Ten days after Google announced the integration of ten new African languages into its automatic translator Google Translate, the American company has put them online. Wolof and Fula are not concerned.
24 new languages have been added by Google to its automatic translator Google Translate. Among them, 10 are African. An important novelty, because it will allow the translation of entire sites into Lingala, Twi, Tigrinya, Sepedi, Oromo, Bambara, Luganda, Krio, Luganda and Tsonga. Or, more simply, to learn local languages for natives of several African countries.

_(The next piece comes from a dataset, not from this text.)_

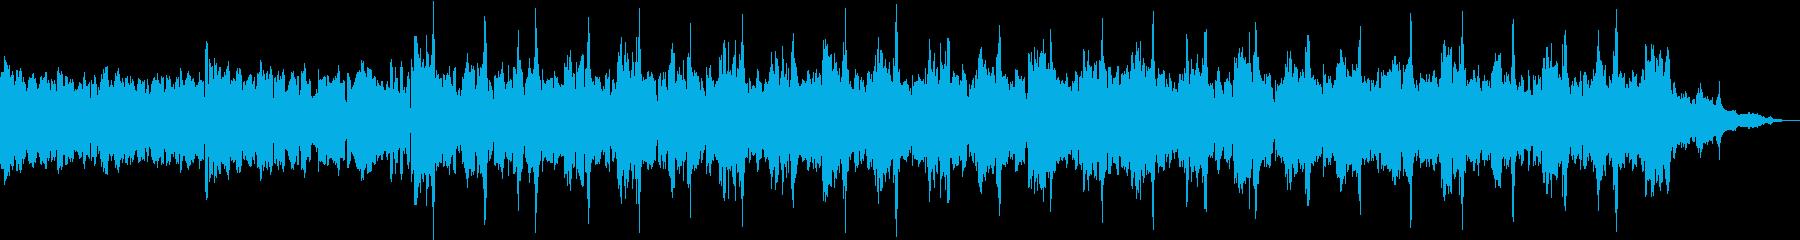 温かみのあるエレクトロ音楽の再生済みの波形
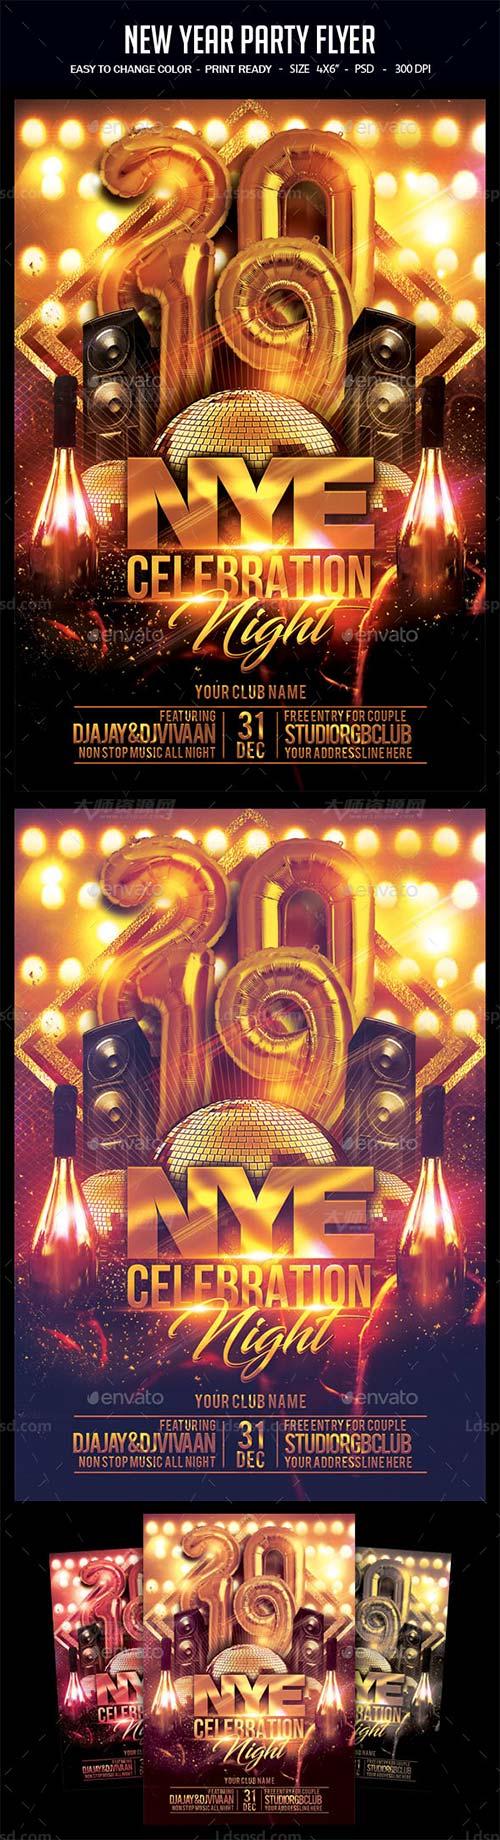 新春派对海报传单PSD模板:New Year Party Flyer

According to Google project manager Isaac Caswell, one of the goals of these additions is "to support native languages, often overlooked by technology." “Until a few years ago, it was not technologically possible to add languages like these, which are called 'weak resource'. Which means there aren't a lot of textual resources,” says the engineer.
Indeed, it is thanks to the new Zero-shot Neural Machine Translation (NMT) artificial intelligence technology that translation software can now support languages little used on the Internet, and little documented in general. We notice it with Google Translate, however, the translations improve especially with the participation of the users. Linguists note many faults with the 24 new languages translated, of course. But even for neo-Latin languages, the automatic translation process is not yet complete either. Still, Google Translate was put online in 2006, and since then, translation has improved a lot.
Fula and Wolof, Google's forgotten greats
But Google's choice of selected African languages poses a problem. Because since the invention by Google of Zero-shot NMT, the problem of the written sources of a language no longer arises. Lingala, Luganda, Bambara, Oromo, Ewe and Twi are widely spoken languages in Africa and on the internet. But on the other hand, Tsonga and Krio have far fewer users than Fula or Wolof.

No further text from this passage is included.